Un retour pas comme les autres

« Quand viendra l’an 2000, on aura 4o ans. Si on vit pas maintenant, demain, il sera trop tard. »

Le début du troisième millénaire était resté un mur infranchissable dans la dramaturgie de Starmania. Et comme un tabou pesant sur la postérité de l’œuvre. Créé en 1979, repris en 1988, puis dans les années 1990, pour ne citer que les versions françaises, l’opéra rock de Michel Berger et Luc Plamondon demeurait invisible depuis la date fatidique que ses chansons avaient agitée comme un chiffon rouge. Le retour sur scène du spectacle, cet automne, à La Seine musicale de Boulogne-Billancourt, puis en tournée durant deux ans, suscite donc une immense curiosité. Comment présenter une histoire qui fut spontanément prophétique en son temps, mais qui arbore aujourd’hui une flagrante patine vintage ?

Sans préjuger de la qualité du résultat, c’est un spectacle luxueux qui s’annonce. Le budget s’élève à plus de 7 millions d’euros, alors que les chanteurs sont tous inconnus. « Pour ce nouveau Starmania, nous voulions les meilleurs créateurs, chacun dans son domaine », résume le producteur Thierry Suc, lui-même référence incontestable de sa profession. Une impressionnante combinaison de grands noms s’affaire en coulisses. Le metteur en scène Thomas Jolly, étoile montante du théâtre public, a été choisi le premier (bien avant qu’il soit nommé directeur artistique des jeux Olympiques de 2024), suivi du prestigieux chorégraphe flamand Sidi Larbi Cherkaoui. Plus tard sont arrivés Victor Le Masne, l’un des gourous de studio les plus cotés de la pop française (un fidèle de Juliette Armanet), à la direction musicale et Nicolas Ghesquière, l’influent styliste de Louis Vuitton, pour la création des costumes. Même la communication visuelle a été confiée à des orfèvres, les designers M/M (Michaël Amzalag et Mathias Augustyniak), réputés, entre autres, pour leur collaboration avec Björk. Et les photographies des affiches sont griffées par le légendaire Jean-Baptiste Mondino …

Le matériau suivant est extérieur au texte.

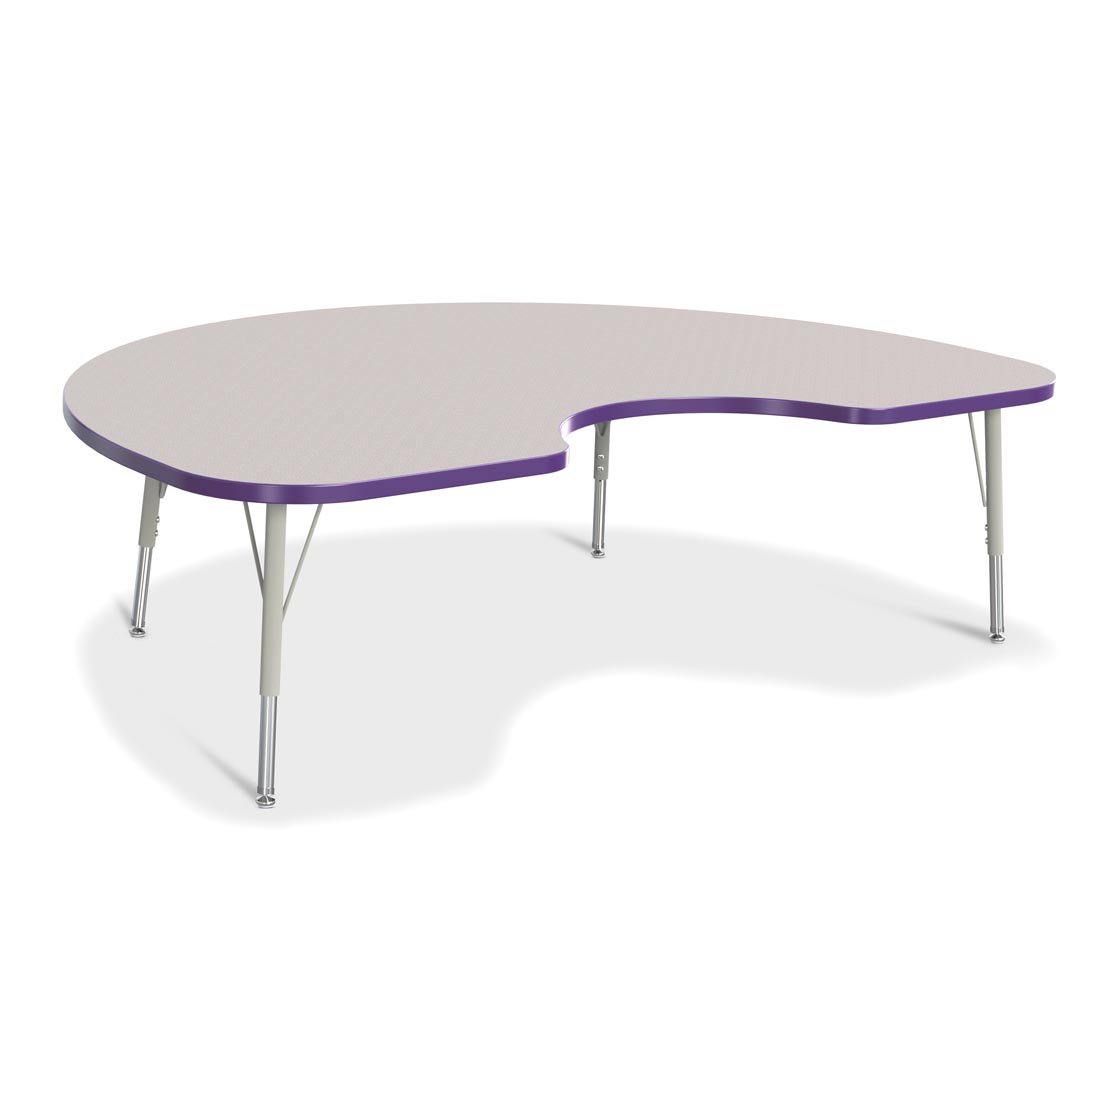 Berries Kidney Activity Table Elementary Height Gray With Purple Edge

Les entreprises comme celle-là s’enracinent dans une histoire personnelle et affective. L’homme derrière Starmania 2022 s’appelle Raphaël Hamburger. Il est le seul survivant de la famille formée par Michel Berger (1947-1992) et France Gall (1947-2018) – sa sœur aînée est morte d’une mucoviscidose en 1997, à 19 ans. Musicien, propriétaire de studios, l’héritier de 41 ans assume passionnément son rôle de gardien du temple, mais dans l’ombre – il refuse de parler à la presse. Alors que l’aura de ses parents et l’influence de leur musique n’ont cessé de grandir, Raphaël Hamburger concrétise, en fait, un projet de sa mère. Le producteur Thierry Suc se souvient : « Lorsque nous avons travaillé avec France Gall sur sa comédie musicale Résiste, en 2015, elle avait déjà le désir de voir rejouer Starmania. Raphaël, devenu à son tour l’ayant droit de Michel Berger, a repris le flambeau. » Et il a choisi de revenir aux sources, aux partitions et aux pistes originales, comme un archéologue. « Pendant des mois, raconte le directeur musical Victor Le Masne, j’ai fait plancher et répéter les musiciens à partir des voix nues du Starmania historique, méticuleusement isolées en studio par Raphaël Hamburger : Daniel Balavoine, France Gall, Diane Dufresne ou Fabienne Thibeault. »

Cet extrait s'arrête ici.